WHAT TO WORK ON
Write out, word for word, the first line of the data below and every line after it through the one containing "iPhone Xs Max Silicone Case - Black".

(Dataset excerpts)
──────────

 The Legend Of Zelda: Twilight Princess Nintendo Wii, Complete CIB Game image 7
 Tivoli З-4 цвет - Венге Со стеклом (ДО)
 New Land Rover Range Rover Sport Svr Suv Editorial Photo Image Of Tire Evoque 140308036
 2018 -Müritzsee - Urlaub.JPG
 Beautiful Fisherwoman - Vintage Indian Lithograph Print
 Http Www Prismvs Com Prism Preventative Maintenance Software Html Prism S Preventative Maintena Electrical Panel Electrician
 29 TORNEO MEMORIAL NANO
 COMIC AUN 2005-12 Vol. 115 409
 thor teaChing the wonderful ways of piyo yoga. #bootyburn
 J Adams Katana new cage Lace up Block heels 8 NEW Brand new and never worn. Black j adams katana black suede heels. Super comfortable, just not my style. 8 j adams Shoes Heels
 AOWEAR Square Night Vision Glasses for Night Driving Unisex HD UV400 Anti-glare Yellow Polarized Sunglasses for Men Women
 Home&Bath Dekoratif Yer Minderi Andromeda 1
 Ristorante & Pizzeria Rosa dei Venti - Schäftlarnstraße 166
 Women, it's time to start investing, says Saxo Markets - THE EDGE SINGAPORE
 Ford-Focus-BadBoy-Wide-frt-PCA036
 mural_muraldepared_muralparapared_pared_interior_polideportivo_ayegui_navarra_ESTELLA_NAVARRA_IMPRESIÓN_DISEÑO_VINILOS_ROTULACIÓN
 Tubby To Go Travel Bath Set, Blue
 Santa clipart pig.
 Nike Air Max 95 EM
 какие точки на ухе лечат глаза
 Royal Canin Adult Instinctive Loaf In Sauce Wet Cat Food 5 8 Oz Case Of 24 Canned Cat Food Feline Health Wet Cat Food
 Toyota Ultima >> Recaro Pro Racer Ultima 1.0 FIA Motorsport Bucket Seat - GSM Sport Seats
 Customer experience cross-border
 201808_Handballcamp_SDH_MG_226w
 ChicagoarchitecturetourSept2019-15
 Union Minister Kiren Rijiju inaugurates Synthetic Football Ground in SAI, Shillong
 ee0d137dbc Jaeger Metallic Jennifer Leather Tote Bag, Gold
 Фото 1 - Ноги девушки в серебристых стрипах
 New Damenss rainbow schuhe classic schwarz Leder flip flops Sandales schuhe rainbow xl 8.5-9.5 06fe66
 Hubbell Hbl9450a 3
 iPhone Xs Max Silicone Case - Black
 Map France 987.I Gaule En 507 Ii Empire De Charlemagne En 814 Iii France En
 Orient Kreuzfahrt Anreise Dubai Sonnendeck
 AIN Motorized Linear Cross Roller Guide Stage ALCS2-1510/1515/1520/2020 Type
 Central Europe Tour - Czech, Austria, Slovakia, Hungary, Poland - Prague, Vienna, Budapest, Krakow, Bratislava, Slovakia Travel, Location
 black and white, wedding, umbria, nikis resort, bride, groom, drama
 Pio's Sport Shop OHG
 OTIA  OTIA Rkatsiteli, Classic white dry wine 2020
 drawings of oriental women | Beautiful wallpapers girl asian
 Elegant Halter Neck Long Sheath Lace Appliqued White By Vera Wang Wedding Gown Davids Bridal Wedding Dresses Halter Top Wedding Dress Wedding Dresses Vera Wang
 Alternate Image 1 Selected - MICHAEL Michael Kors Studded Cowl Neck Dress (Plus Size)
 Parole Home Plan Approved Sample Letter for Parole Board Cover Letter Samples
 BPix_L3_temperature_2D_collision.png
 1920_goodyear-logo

──────────

WRITTEN RESPONSE
 The Legend Of Zelda: Twilight Princess Nintendo Wii, Complete CIB Game image 7
 Tivoli З-4 цвет - Венге Со стеклом (ДО)
 New Land Rover Range Rover Sport Svr Suv Editorial Photo Image Of Tire Evoque 140308036
 2018 -Müritzsee - Urlaub.JPG
 Beautiful Fisherwoman - Vintage Indian Lithograph Print
 Http Www Prismvs Com Prism Preventative Maintenance Software Html Prism S Preventative Maintena Electrical Panel Electrician
 29 TORNEO MEMORIAL NANO
 COMIC AUN 2005-12 Vol. 115 409
 thor teaChing the wonderful ways of piyo yoga. #bootyburn
 J Adams Katana new cage Lace up Block heels 8 NEW Brand new and never worn. Black j adams katana black suede heels. Super comfortable, just not my style. 8 j adams Shoes Heels
 AOWEAR Square Night Vision Glasses for Night Driving Unisex HD UV400 Anti-glare Yellow Polarized Sunglasses for Men Women
 Home&Bath Dekoratif Yer Minderi Andromeda 1
 Ristorante & Pizzeria Rosa dei Venti - Schäftlarnstraße 166
 Women, it's time to start investing, says Saxo Markets - THE EDGE SINGAPORE
 Ford-Focus-BadBoy-Wide-frt-PCA036
 mural_muraldepared_muralparapared_pared_interior_polideportivo_ayegui_navarra_ESTELLA_NAVARRA_IMPRESIÓN_DISEÑO_VINILOS_ROTULACIÓN
 Tubby To Go Travel Bath Set, Blue
 Santa clipart pig.
 Nike Air Max 95 EM
 какие точки на ухе лечат глаза
 Royal Canin Adult Instinctive Loaf In Sauce Wet Cat Food 5 8 Oz Case Of 24 Canned Cat Food Feline Health Wet Cat Food
 Toyota Ultima >> Recaro Pro Racer Ultima 1.0 FIA Motorsport Bucket Seat - GSM Sport Seats
 Customer experience cross-border
 201808_Handballcamp_SDH_MG_226w
 ChicagoarchitecturetourSept2019-15
 Union Minister Kiren Rijiju inaugurates Synthetic Football Ground in SAI, Shillong
 ee0d137dbc Jaeger Metallic Jennifer Leather Tote Bag, Gold
 Фото 1 - Ноги девушки в серебристых стрипах
 New Damenss rainbow schuhe classic schwarz Leder flip flops Sandales schuhe rainbow xl 8.5-9.5 06fe66
 Hubbell Hbl9450a 3
 iPhone Xs Max Silicone Case - Black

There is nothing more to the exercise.